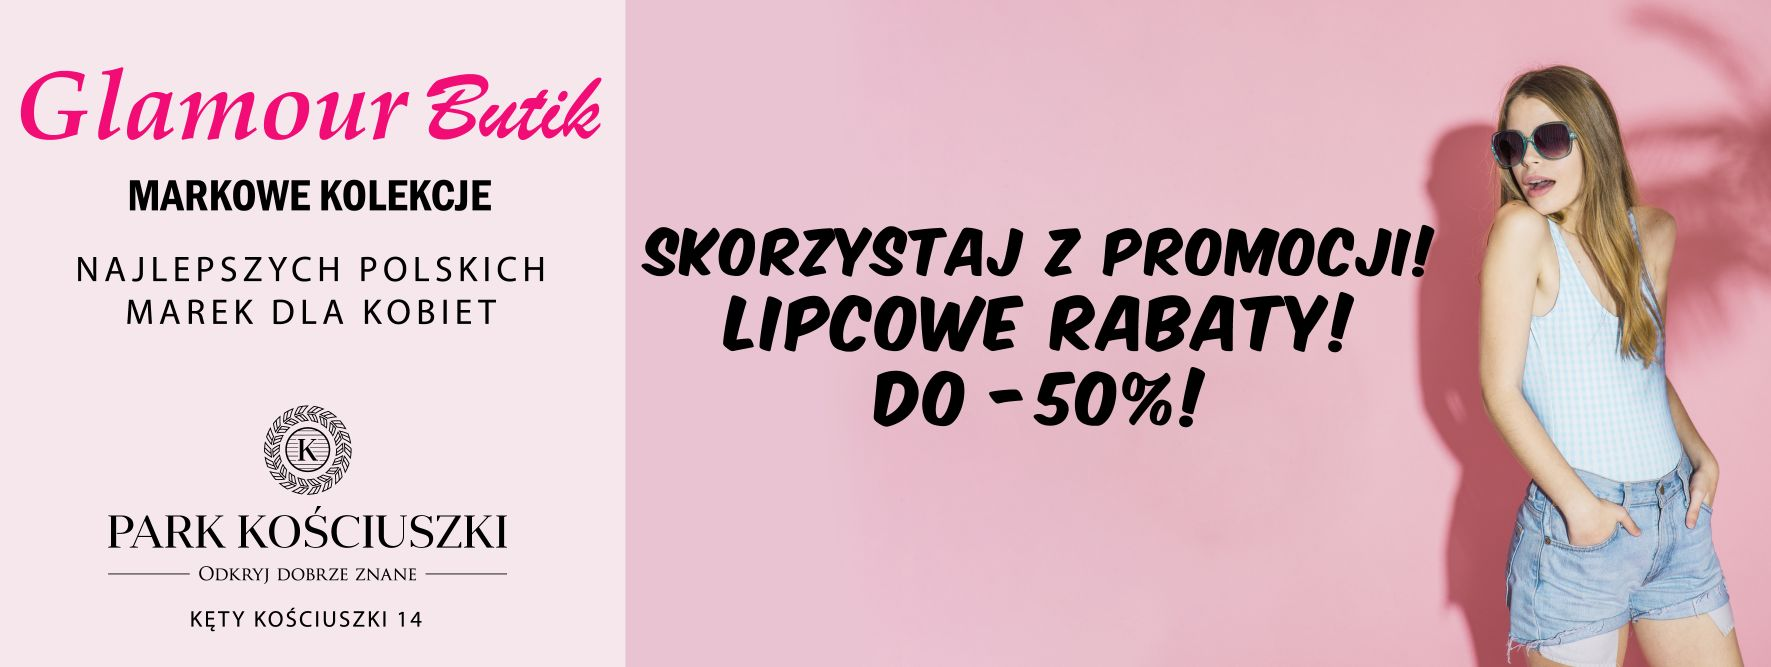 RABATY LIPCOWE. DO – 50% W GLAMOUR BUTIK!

==

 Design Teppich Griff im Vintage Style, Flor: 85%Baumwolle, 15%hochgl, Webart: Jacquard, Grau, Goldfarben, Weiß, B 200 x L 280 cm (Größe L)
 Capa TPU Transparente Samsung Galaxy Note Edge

* * *

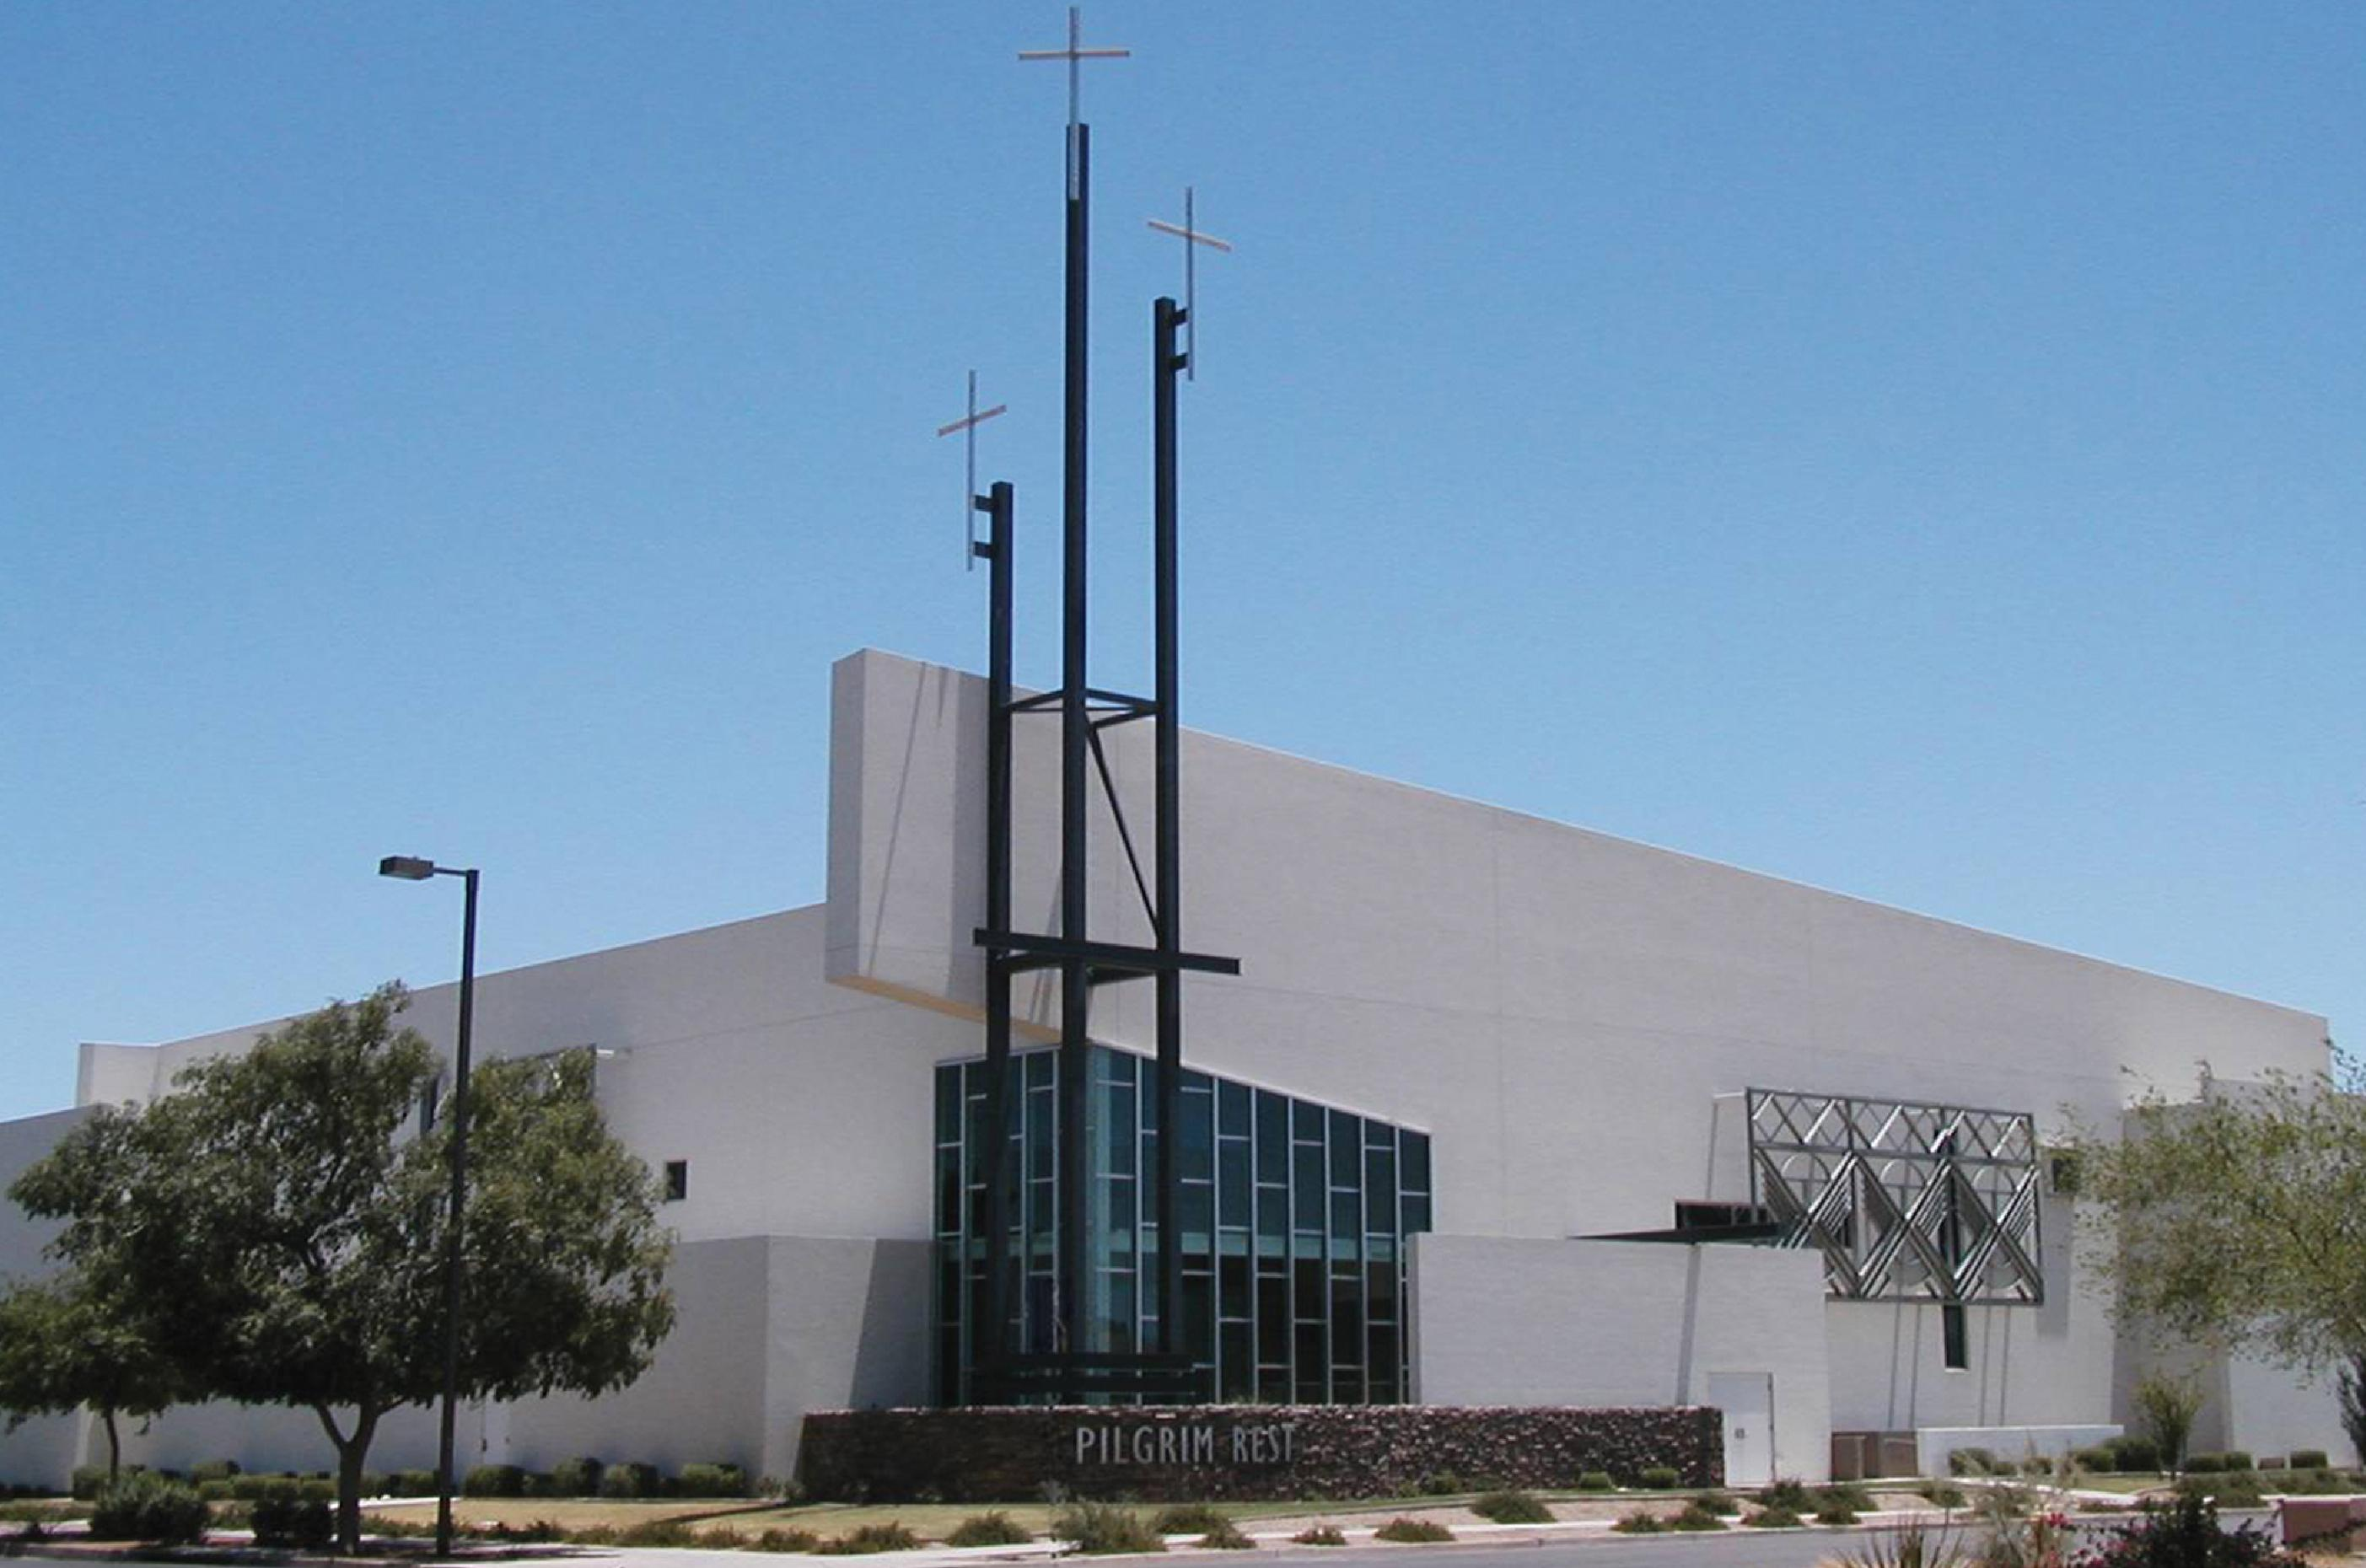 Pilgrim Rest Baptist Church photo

▶ Task details
Extract from the listing above the lines between the line containing "Design Teppich Griff" and the line containing "Capa TPU Transparente", keeping both of those lines. Output nothing else.

▶ Output for this exercise
 Design Teppich Griff im Vintage Style, Flor: 85%Baumwolle, 15%hochgl, Webart: Jacquard, Grau, Goldfarben, Weiß, B 200 x L 280 cm (Größe L)
 Capa TPU Transparente Samsung Galaxy Note Edge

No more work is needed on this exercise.